Actuellement, la façon de faire face à cette situation est toujours la même : c’est l’assuré qui paie (diminution des remboursements, augmentation des listes de médicaments non remboursés...). Ainsi les remboursements sont de plus en plus assurés par les assurances complémentaires et de moins en moins par la Sécu. Cette situation équivaut à une remise en question complète du principe de solidarité : chacun paie selon ses moyens et bénéficie selon ses besoins. Au contraire, notre système de soin devient de plus en plus inégalitaire :

Comment faire face ?

De fait, on assiste à une privatisation progressive de l’assurance-maladie, imposée à coup de matraquage idéologique : "la France n’a plus les moyens". Est-ce réellement le cas ?
Les richesses produite par le pays (mesurées par le PIB) augmentent et sont bien supérieures à ce qu’elles étaient il y a trente ans. Par quel miracle notre pays de plus en plus riche a-t-il de moins en moins de moyens ?

Les richesses, générées par le travail des hommes, rémunèrent de plus en plus les revenus financiers et de moins en moins le travail. L’impression selon laquelle les revenus des entreprises sont de plus en plus captés par les actionnaires (sous forme de dividendes) et par les banquiers (sous forme d’intérêts) est largement confortée par les chiffres : ce n’est pas qu’une impression ! Ainsi, depuis vingt-cinq ans, 10% du PIB (environ 170 milliards d’euros par an) ne vont plus aux salaires mais aux profits. Les revenus des entreprises ne sont pas réinvestis, soit pour augmenter les salaires, soit pour développer les activités. Or les cotisations sociales sont bien sûr indexées sur les salaires.

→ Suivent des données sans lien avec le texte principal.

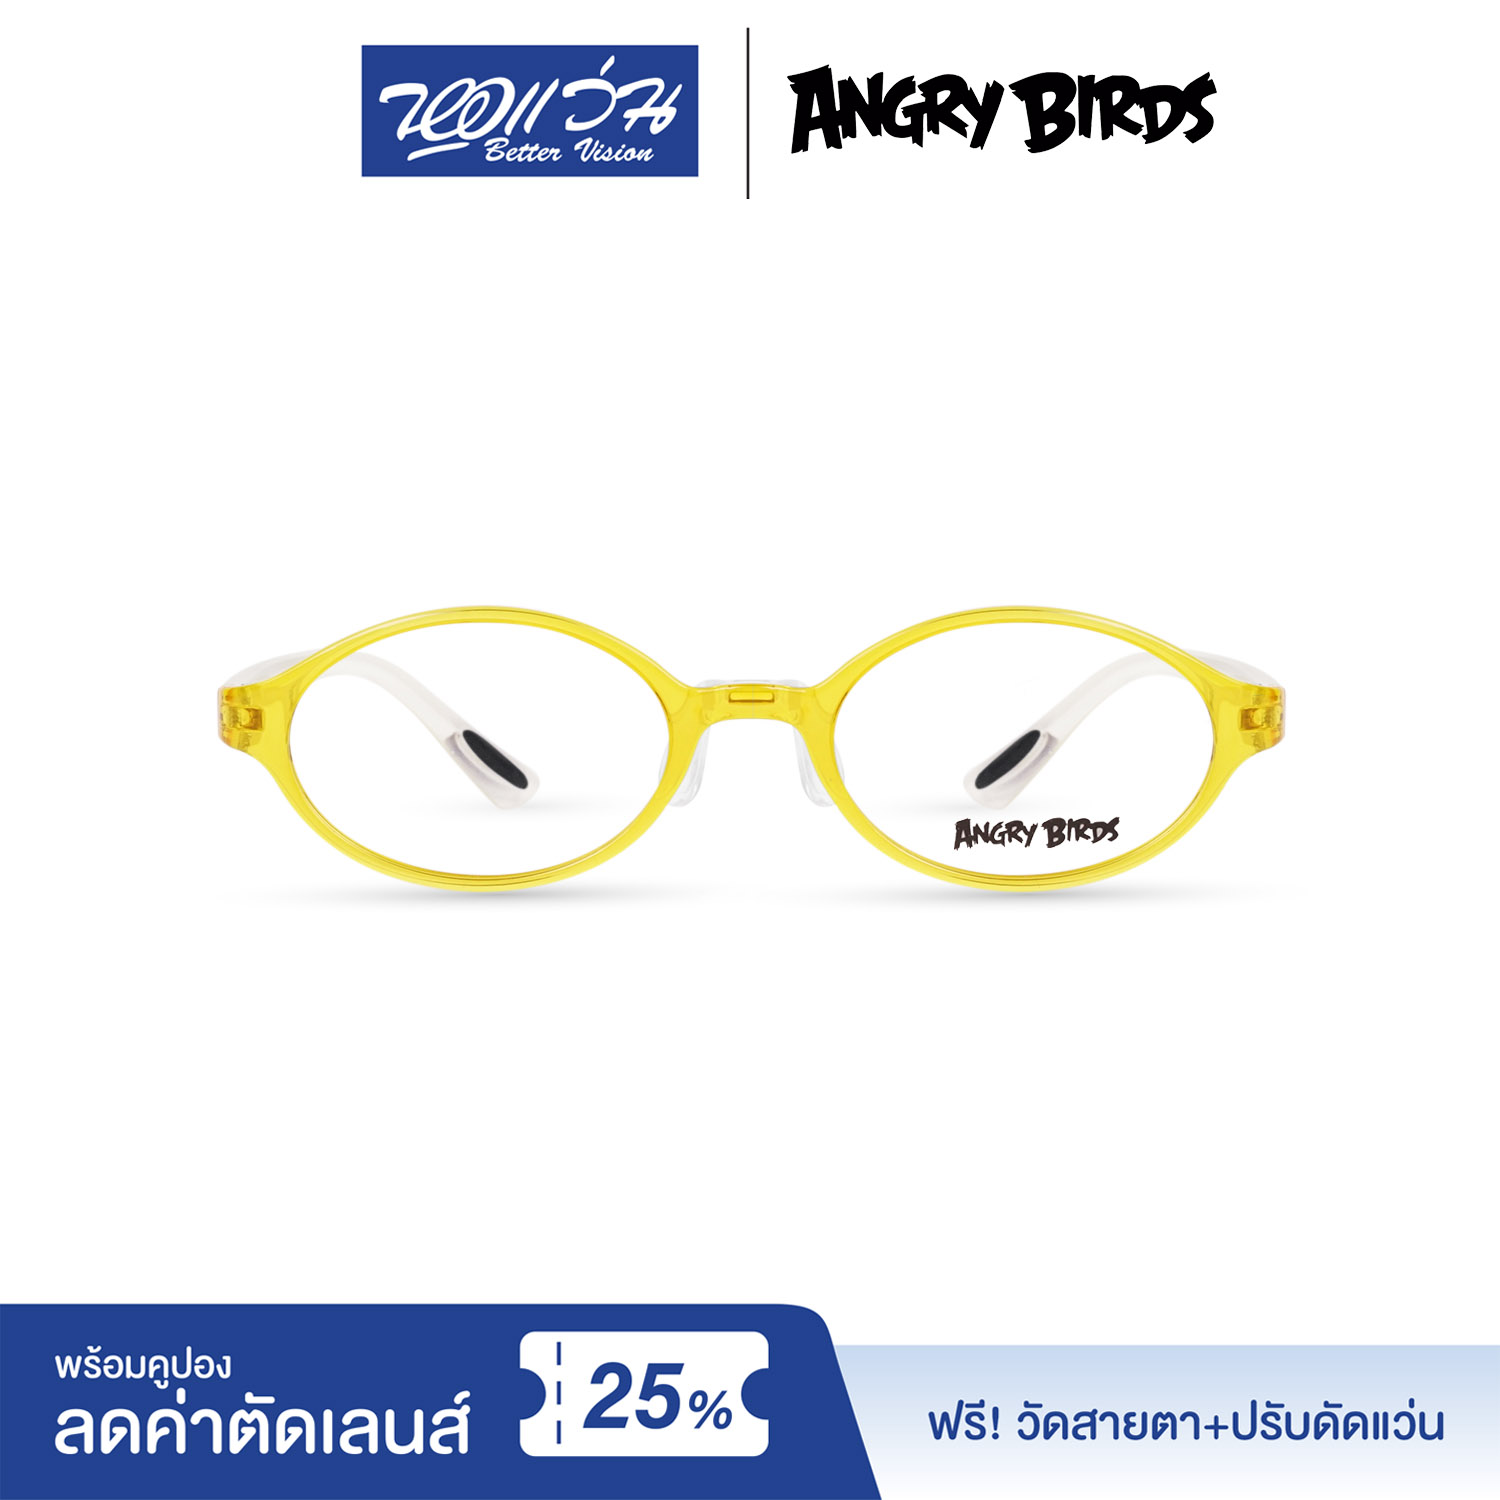 กรอบแว่นตาเด็ก แองกี้ เบิร์ด ANGRY BIRDS Child glasses แถมฟรีส่วนลดค่าตัดเลนส์ 25%  free 25% lens discount รุ่น FAG33111

Bernard Teper nous livre cette analyse, basée sur les chiffres publiés par l’Union européenne.
Si on partage cette analyse, les propositions faites par les Etats généraux coulent de source : taxer les profits financiers non réinvestis dans l’appareil productif. Cela aurait le double avantage de rééquilibrer le rapport entre travail et capital et de fournir de nouvelles sources de financement pour garantir l’application du principe de solidarité.

Bien sûr, le système de santé ne se réduit pas à une question de financement. Les Etats généraux abordent d’ailleurs de nombreux autres sujets, mais ça, c’est une autre histoire... En attendant, soyons conscients que le financement de la protection sociale est avant tout un choix politique. Il y a des priorités, pas de fatalité...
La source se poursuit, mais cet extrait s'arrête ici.